En una vieja entrevista con él en T-Square, me enteré de que Llewellyn había asistido a la Universidad Northwestern en los años cuarenta, donde se había licenciado en periodismo. Cuando vio que era imposible acceder a la clase de trabajo que conseguían sus compañeros blancos, comenzó con T-Square en el sótano de su casa mientras trabajaba de día en la redacción del antiguo Daily News. En aquellos primeros tiempos, él y su mujer, June, distribuían las revistas por los establecimientos de la parte negra de South Side, trabajaban con una prensa manual que ellos mismos habían reparado y redactaban todos los números.
En 1947 pudo contratar a un fotógrafo y a un columnista a media jornada. En 1949 consiguió la financiación para crear un verdadero negocio editorial.

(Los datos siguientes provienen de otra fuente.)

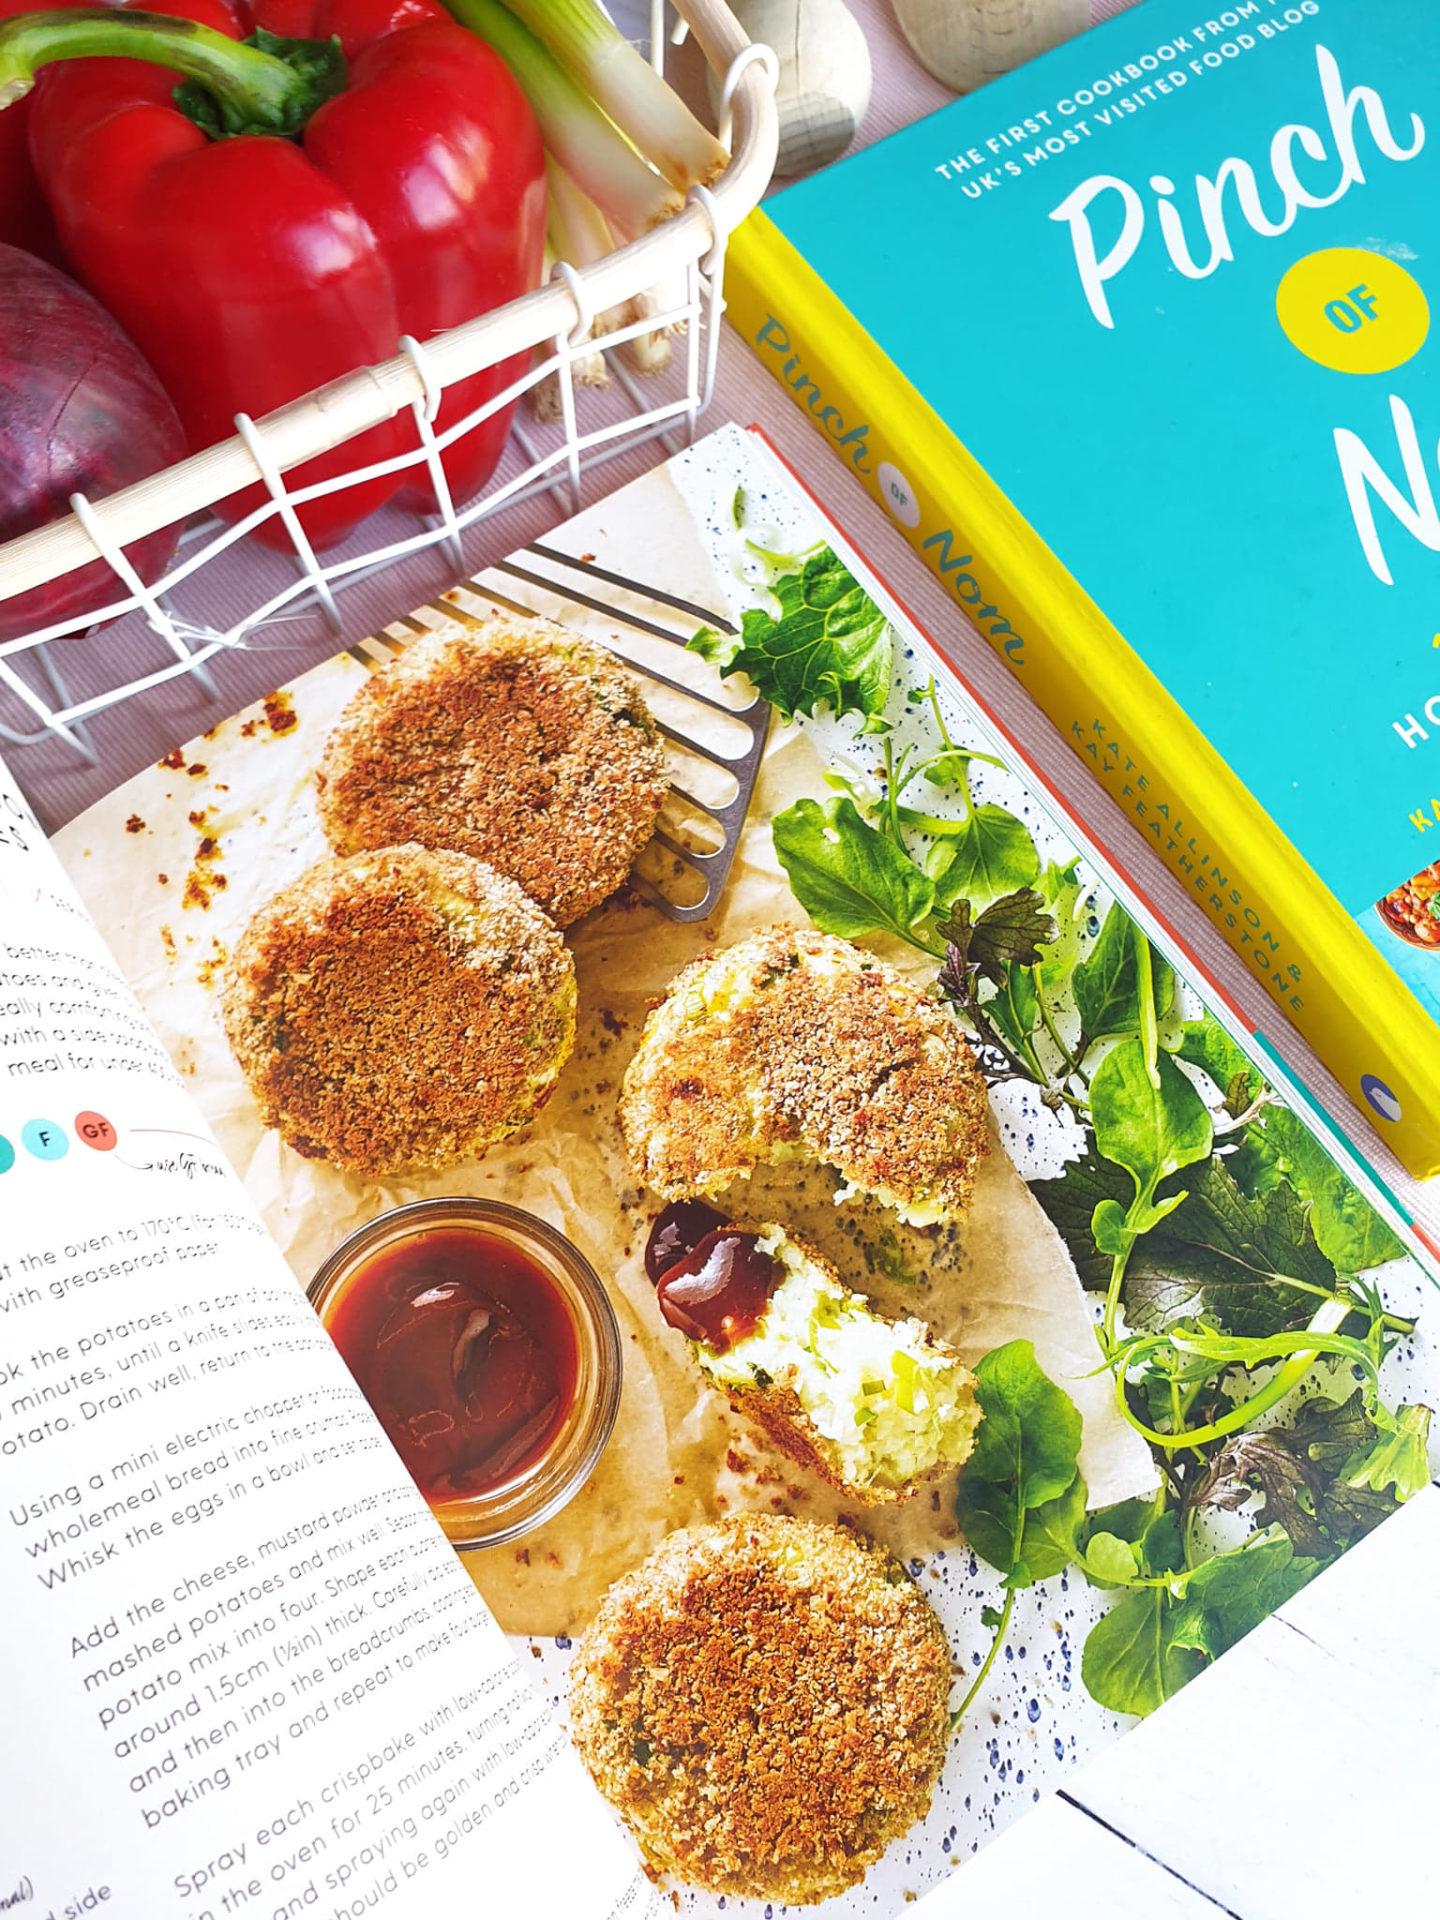 Pinch of Nom | Recipes I've Made So Far...
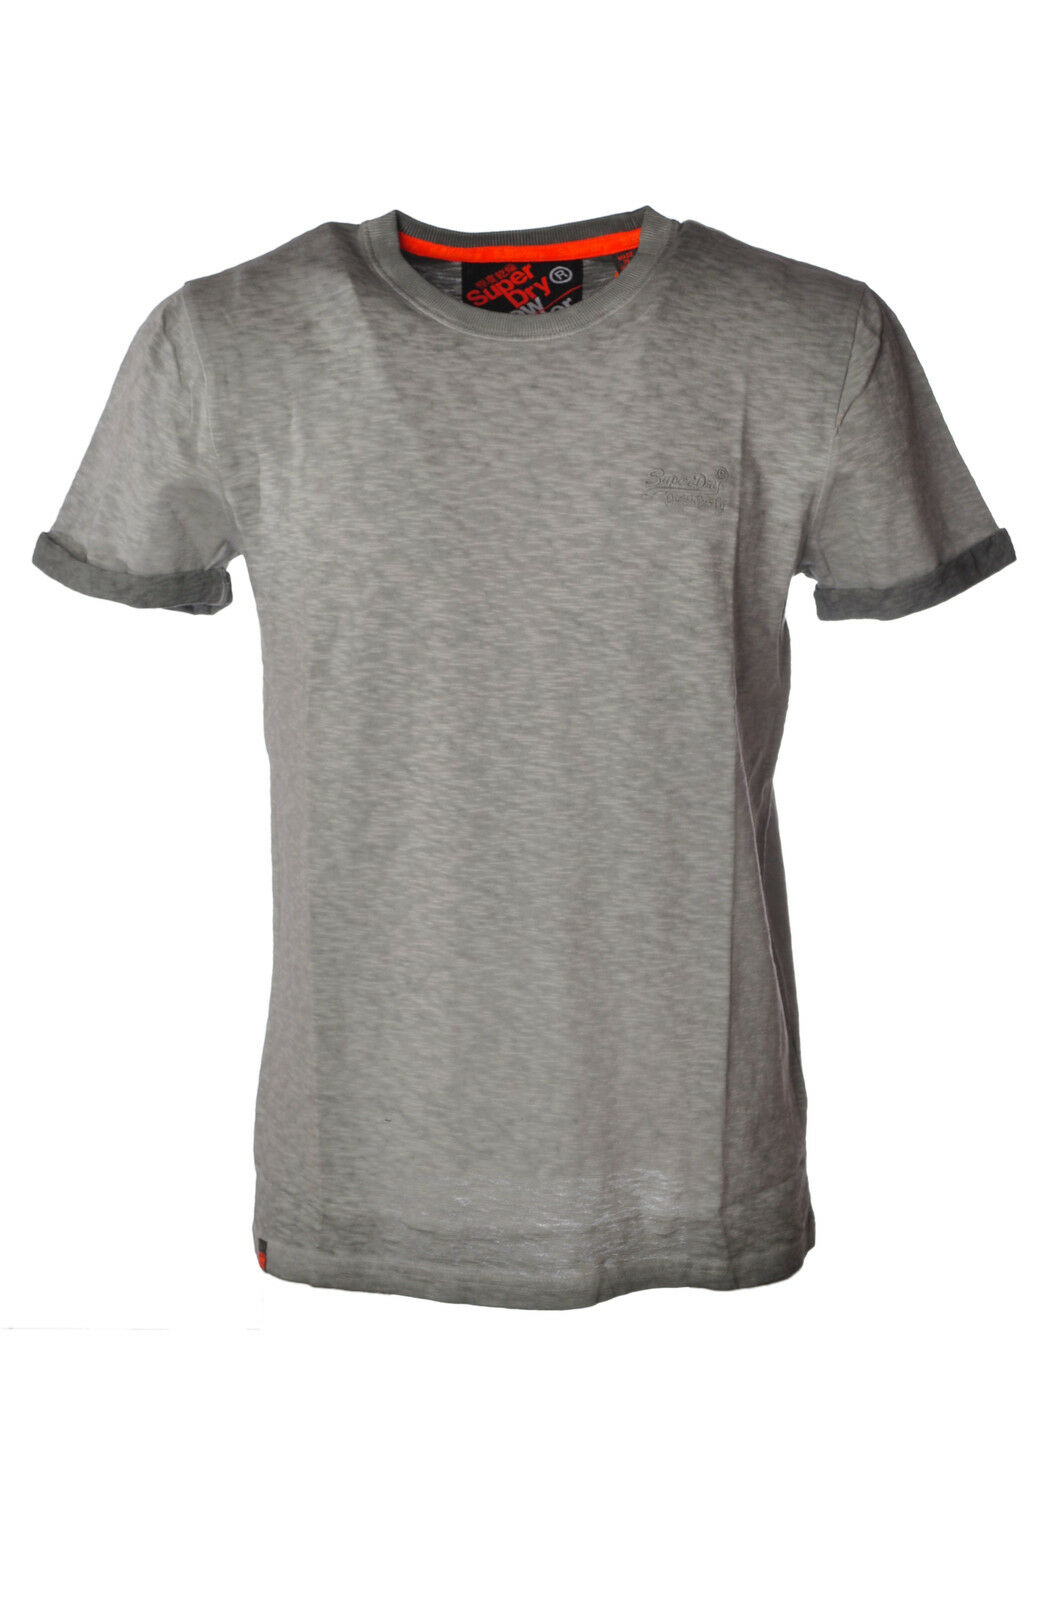 Superdry - Topwear-T-shirts - Man - Grau - 3478814H184211

Cuatro años después generaba ya el suficiente dinero como para comenzar con Mero, para las mujeres, y comprar las licencias radiofónicas de AM y FM. Las emisoras comenzaron a producir importantes beneficios; comenzó con el resto de las publicaciones a comienzos de los sesenta, la misma época en la que mandó construir su edificio de Erie Street.
Silbé para mis adentros: «Si ves que no estoy en el asiento de atrás del autobús…». Toda la información era interesante, pero no me aclaraba si la familia de Llewellyn había trabajado para Laura Drummond en ese nebuloso pasado. Volví a los informes financieros para leerlos con detalle. Allí, oculto en letras pequeñas, se encontraba un hecho fascinante: los representantes legales del Grupo Llewellyn eran Lebold & Arnoff, abogados con dirección en Oak Brook y LaSalle Street.